Kids lose out as foster carers cash in
THE business of providing shelter to children who cannot live with their parents has become an industry worth more than $1 billion a year, with the profits shared by carers who admit to taking children into their homes for the money.
THE business of providing shelter to children who cannot live with their parents has become an industry worth more than $1 billion a year, with the profits shared by carers who admit to taking children into their homes for the money.
Some of these carers have four or more children living in dirty, over-crowded conditions and take extra children on weekends.

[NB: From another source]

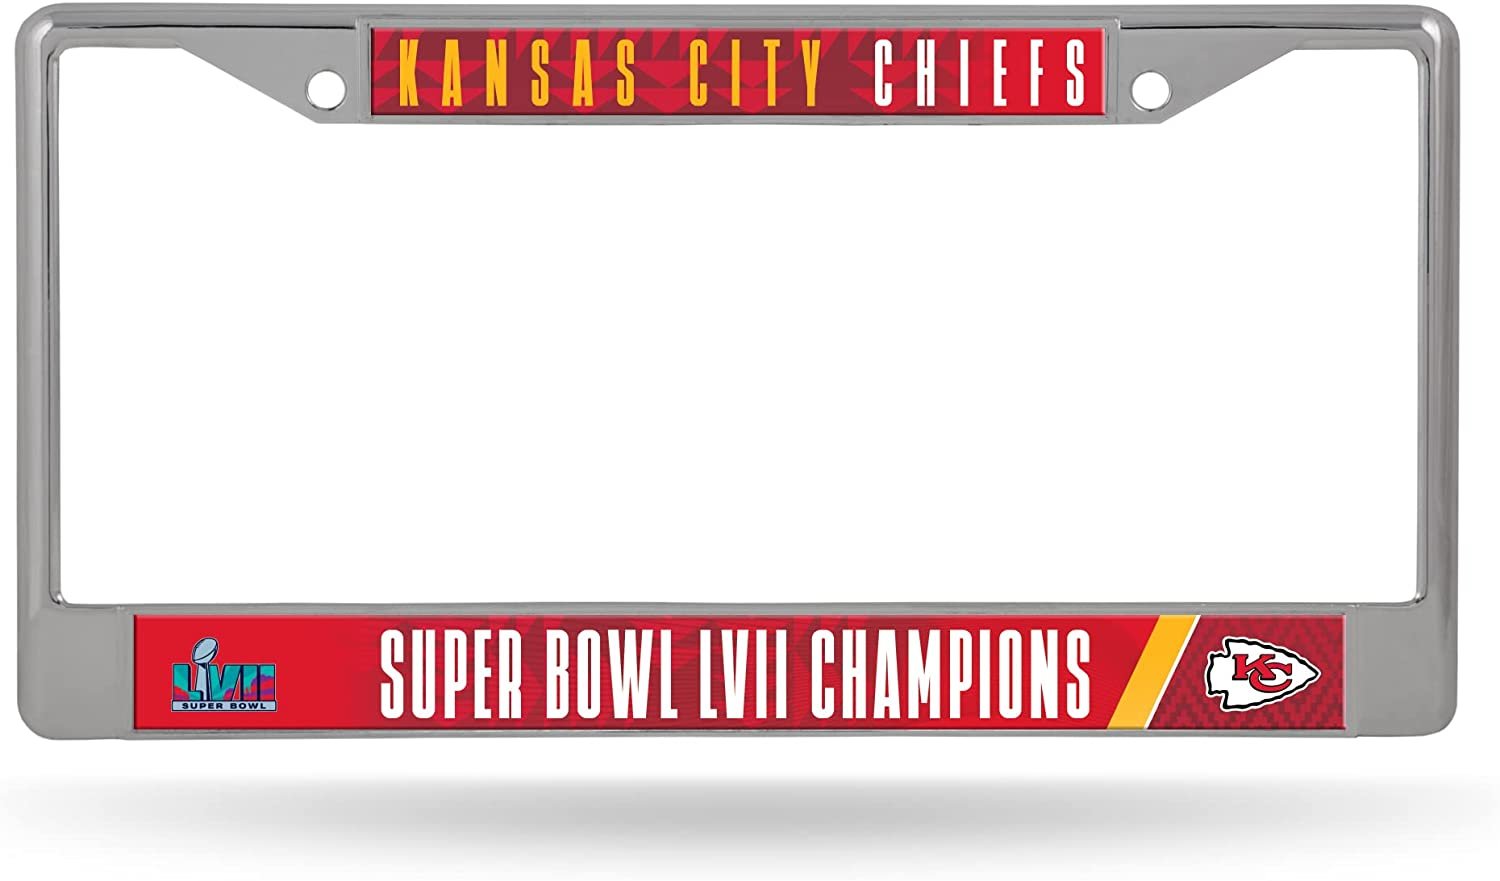 Kansas City Chiefs 2023 Super Bowl LVII Champions Metal License Plate Frame Chrome Tag Cover 6x12 Inch

The over-crowding means it is no longer uncommon to find foster children who have lived in close quarters with 40 or more other children of different ages, temperaments and mental disorders, on a rotating calendar.
As many as one in four of these foster children is being medicated with anti-depressants and other drugs to help them cope.
The Australian has spent the past month visiting some of the worst foster homes, after being told by a welfare whistleblower that some were so appalling "you wouldn't leave your dog there".
Neighbours said they had seen foster children left alone and unattended through the night; one couple in Queensland said they heard a foster mum throw a child out the window.
The Australian visited one carer in a unit at Macquarie Fields, in Sydney's outer southwest, where the stench from nine cats was overwhelming.
A woman - she cannot be named because it would identify the three children who were recently in her care - said she joined the Kari foster care agency catering for Aboriginal placements last year after seeing a flyer on the wall of Centrelink.
After completing a six-week training program, she took three children into her unit, for which she received $1200 a fortnight, on top of her pension.
One bedroom of her unit was so crammed with rubbish that it was not possible to open the door, and the children had to shower outdoors, under a specially rigged faucet, because the one in the house did not work.
The woman admitted to hitting one of the children in her care; she punched the wall too.
Kari, an agency that received $1.3 million a year from the NSW Department of Community Services to provide foster care, removed the children from the woman's home after complaints.
At Padstow in southwest Sydney, The Australian visited a rubbish-strewn house with the remains of meals, including a large chunk of half-eaten meat, resting on furniture. The foster carer - a woman aged 25 - said she had taken 50 children over the years, including "respite" children on the weekends.
She was recruited to the industry by a private company called Life Without Barriers, established by lawyers and businessmen from the Hunter Valley in the 1990s.
Life Without Barriers last year received $62 million in funding from the NSW Government.
The carer confessed to having a house that was a "bit of a mess" but did not mention that she had been the subject of complaints about her care. A two-year-old girl who lived in the house was said to be constantly cold, and was under-developed.
Three days after The Australian visited, DOCS swooped on the house and removed the girl.
In the semi-rural hamlet of Luddenham, on Sydney's western outskirts, another Life Without Barriers carer was living in a house where all the windows were covered over. She was reluctant to let The Weekend Australian inside, saying: "You'll say I live in squalor."
Later, she did allow us into the house to use the toilet, closing doors along the hallway and kicking rubbish to the corners as we walked along.
"I know it's dirty. I've been sick," she said. "I haven't had time to clean up."
She had four children in her home and received about $2000 a fortnight to care for them but complained about the money.
"You might have four kids and then they come and take one back to his mother, and you're down to three," she said. "So you've got less money that week. Then it might be a few days before you get more kids, so you're down for the month."
The payments to foster carers are higher in NSW than anywhere else in Australia.
The rate for children 0-4 is $395 a fortnight and it rises as the child grows: a foster child aged 5-13 years attracts a subsidy of $443 a fortnight and a child 14-17 brings $595 a fortnight.
Children who are particularly troubled or disabled attract rates of up to $1117 a fortnight.
Kari chief executive Paul Ralph said he was proud of the corporation he founded nine years ago. He said it would be a "cultural mistake" to compare "40, 50-year-old Aboriginal housing" with other Australian homes. "You might say, 'Oh, I wouldn't put a kid there,' but what we look at is: do they have a room for a child? Are they connected to the community? And we are selective. We turn people down."
Sue O'Connor, president of the Foster Care Support Network, said: "I'd be lying if I said some didn't do (foster care) for the money, but I think it's a minority." Asked if some foster parents simply weren't fit for the job, she said: "Sadly, that's true too."
The welfare whistleblower, still employed by DOCS and with 20 years' experience in child welfare, said DOCS workers like to joke that it's easy to find the foster house "because it's invariably the worst house in the street".
This year's annual report of the NSW Children's Guardian, an audit of foster homes in 2006 and 2007 "identified concerns about the quality of care provided to Aboriginal children in non-government agencies".
Life Without Barriers state manager Learne Durrington said foster care "is not easy to resource" and it was a "challenge to find people who have not just the willingness to care for these children but to ensure they have skills and personal integrity to maintain the care".
The company's website notes that "our organisation is a charitable organisation. It is a brave and caring organisation. Caring is what we do, and carers are the heart of our business."